Я встал, сходил в туалет. Потом лег, но заснуть не мог, грудь все болела.
Что было делать?
Я пошел на кухню, открыл холодильник. Там было пусто, да и есть не хотелось.
Я постоял у окна, массируя ладонью левую часть груди и проверяя – это невралгия, мышечная боль или что-то в глубине? Похоже, что в глубине. Я постоял еще, глядя на ржавые крыши гаражей во дворе, темные соседские дома и зачинающийся рассвет. Разве умирать действительно не больно? И почему я сказал это маме? Неужели именно ее я успею вспомнить в момент смерти? И почему мне приснился Хаттаб? Ведь я уже не в конторе, я на пенсии…

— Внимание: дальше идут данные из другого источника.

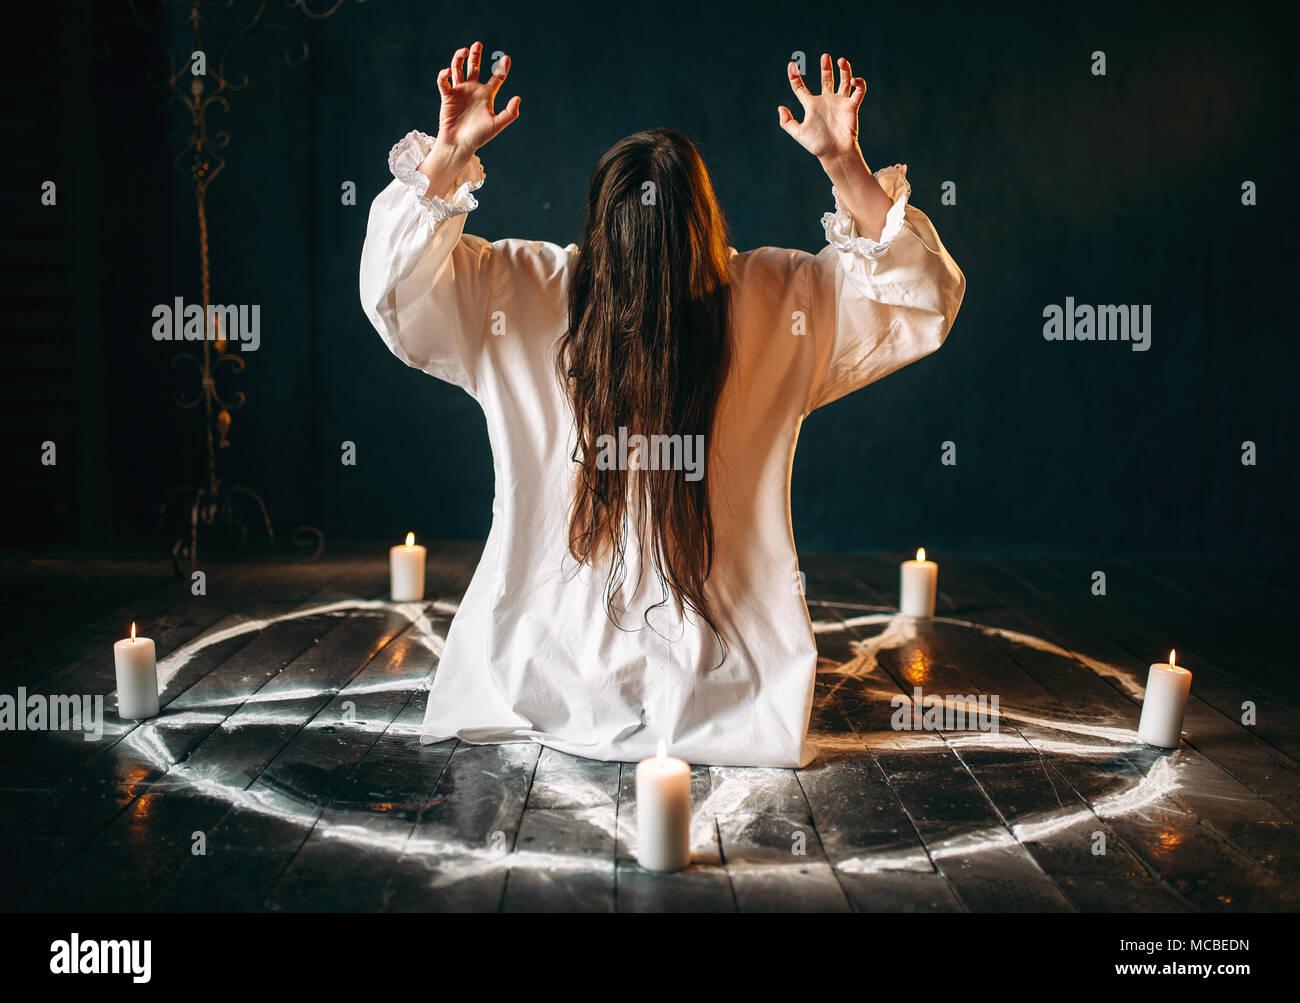 Hexe produziert okkulten Ritual in pentagramm Kreis Stockbild

Минут через десять я все-таки лег и уснул и во сне укатил на Черное море или на какой-то другой теплый берег. Помню, я бежал босиком по желтому песку и языкам прибоя, смотрел на чаек, на редких – при мартовском солнце – курортников и думал: а жить стоит! Стоит жить!..

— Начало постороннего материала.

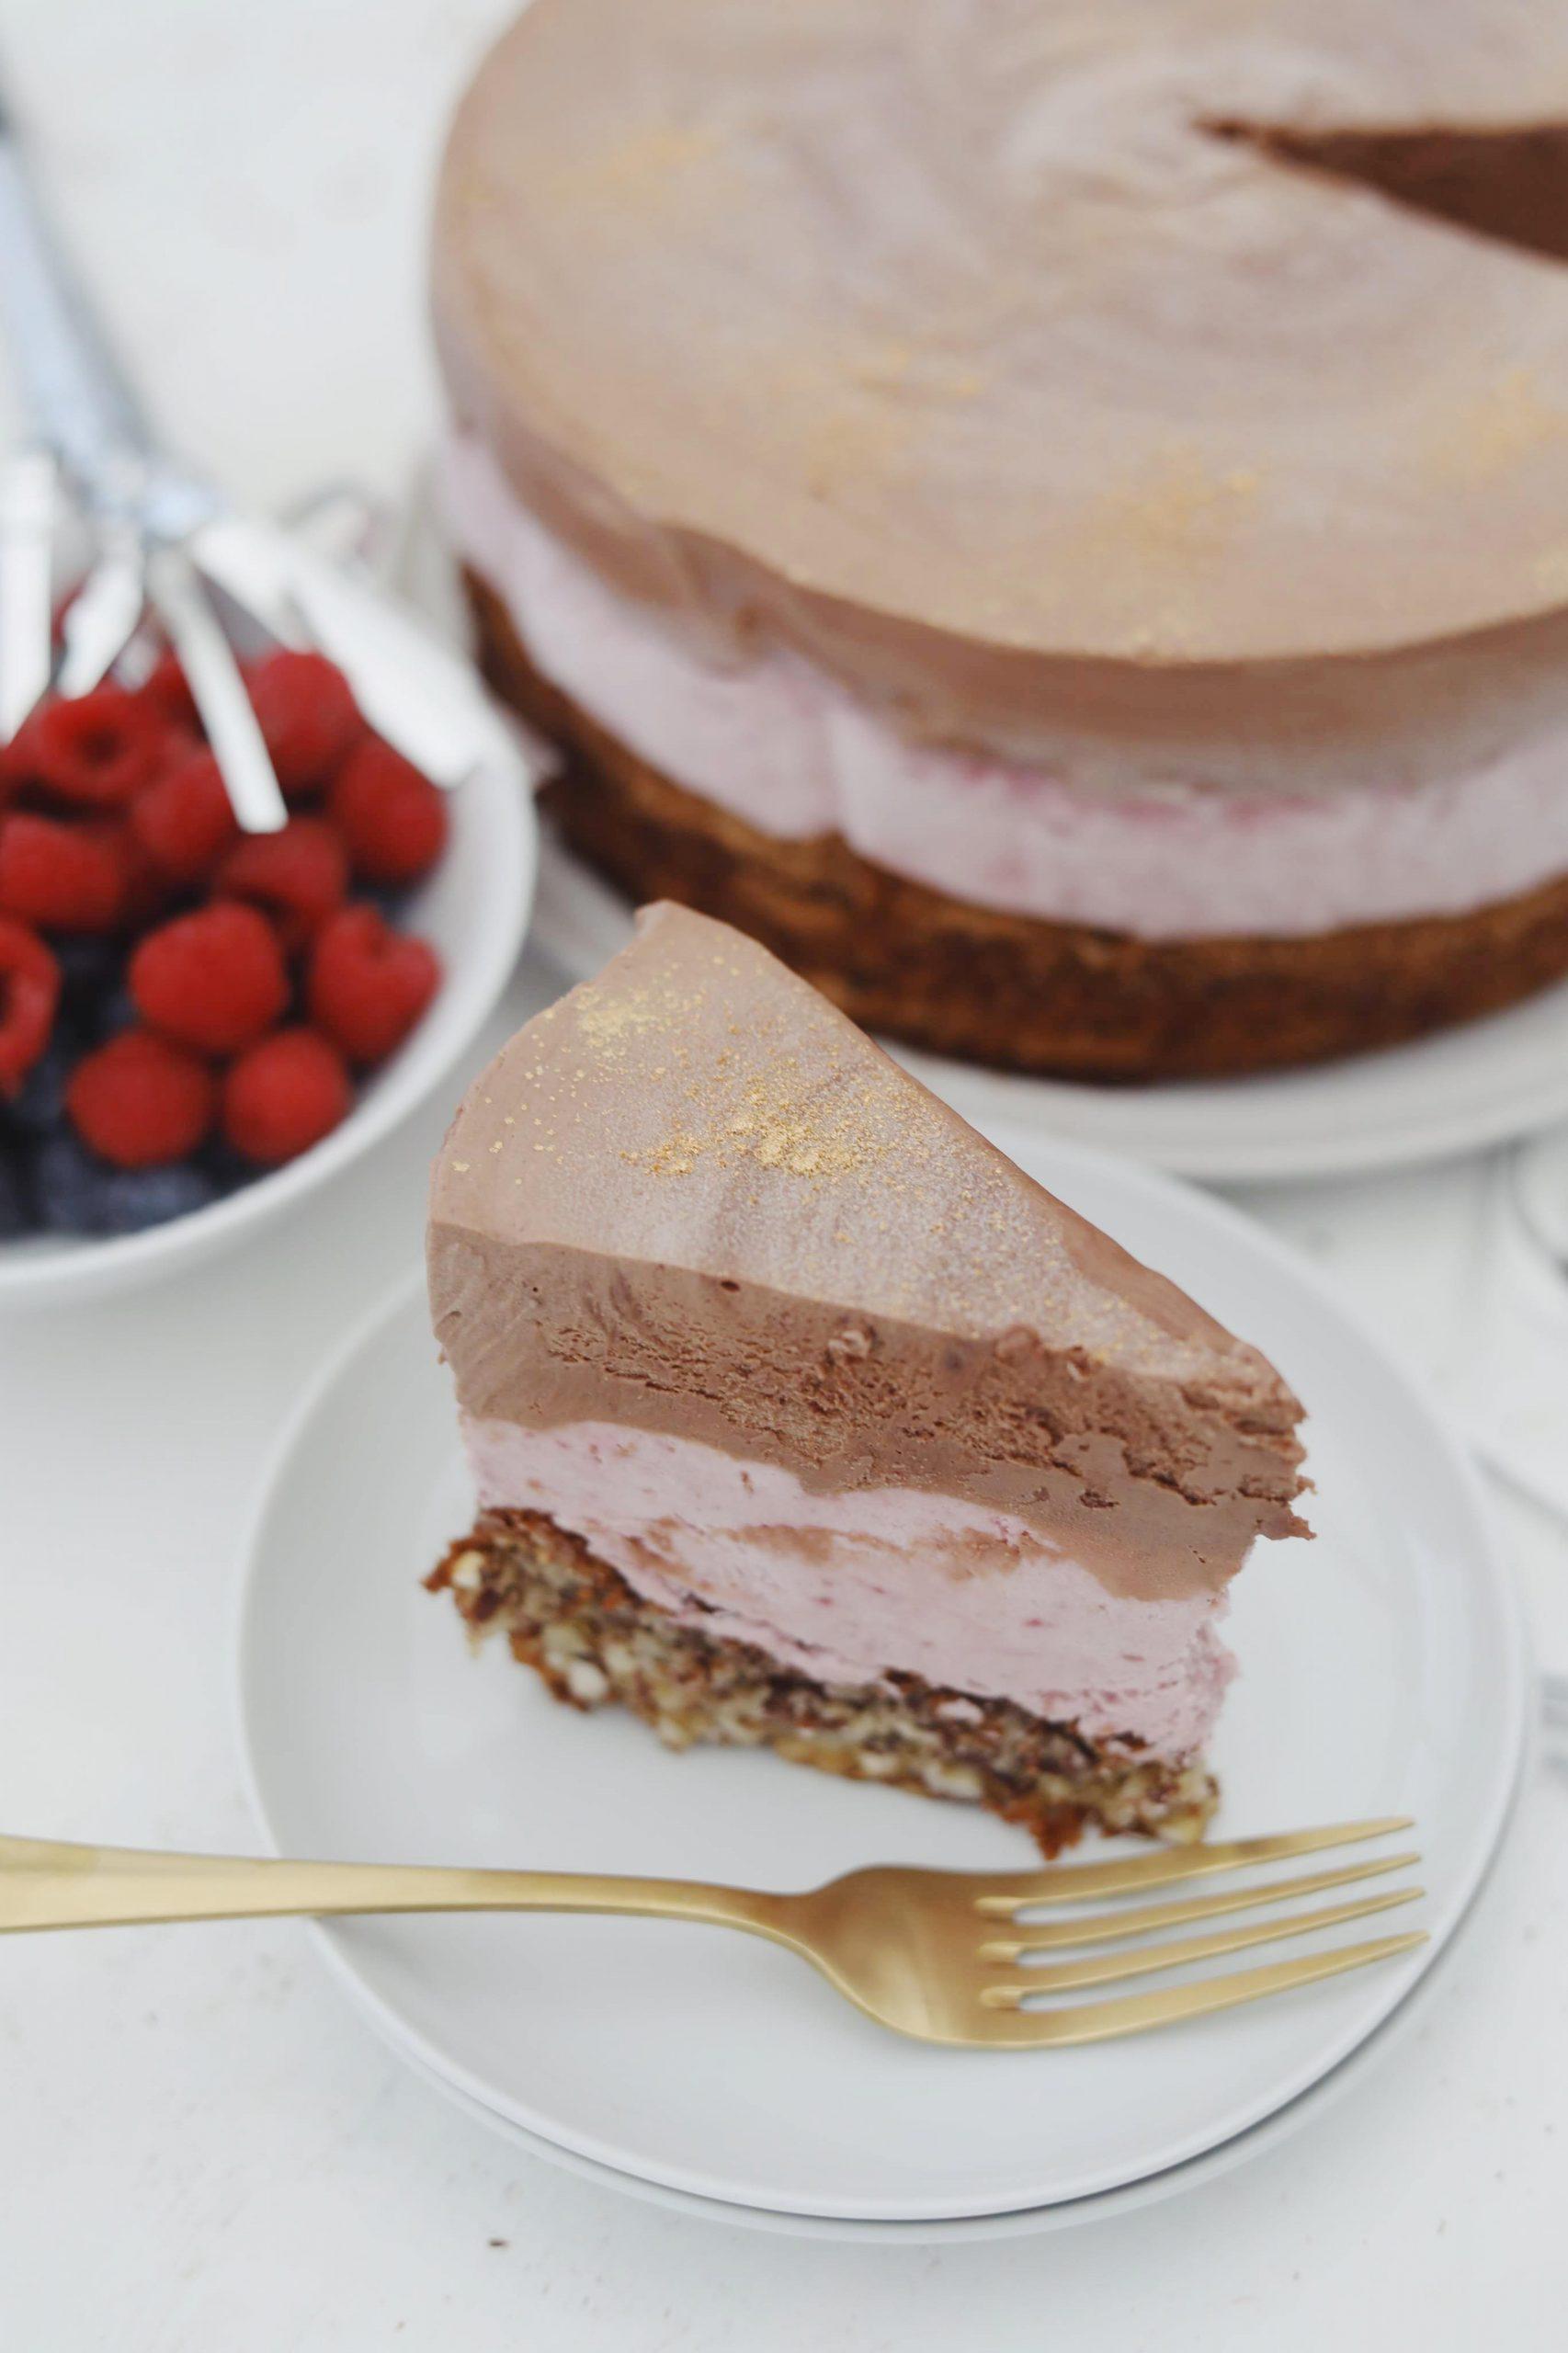 Islagkage med hindbær og chokolade

Но пробуждение пенсионера, выброшенного из деловой рутины… о, зачем я буду это описывать? Каша «Быстров» из трех злаков, заправленная для вкуса горстью изюма, – вот вам завтрак пенсионера. Телефон, который молчит, как покойник, – вот вам утро пенсионера. Телевизор, где теперь на всех каналах идет такая победоносная борьба с бандитизмом, что хочется нырнуть в экран и набить морду создателям этой мути. Грязное и будто черствое после длинной зимы окно. Рев бульдозеров на стройке Третьего кольца в квартале от нашего дома…
Бриться или да ну его?
Недавно слышал по «Эхо Москвы», что по ночам у мужчин эрекция каждые полтора часа. Но с тех пор как меня выбросили на пенсию, где моя эрекция? И вообще, у пенсионеров бывает эрекция?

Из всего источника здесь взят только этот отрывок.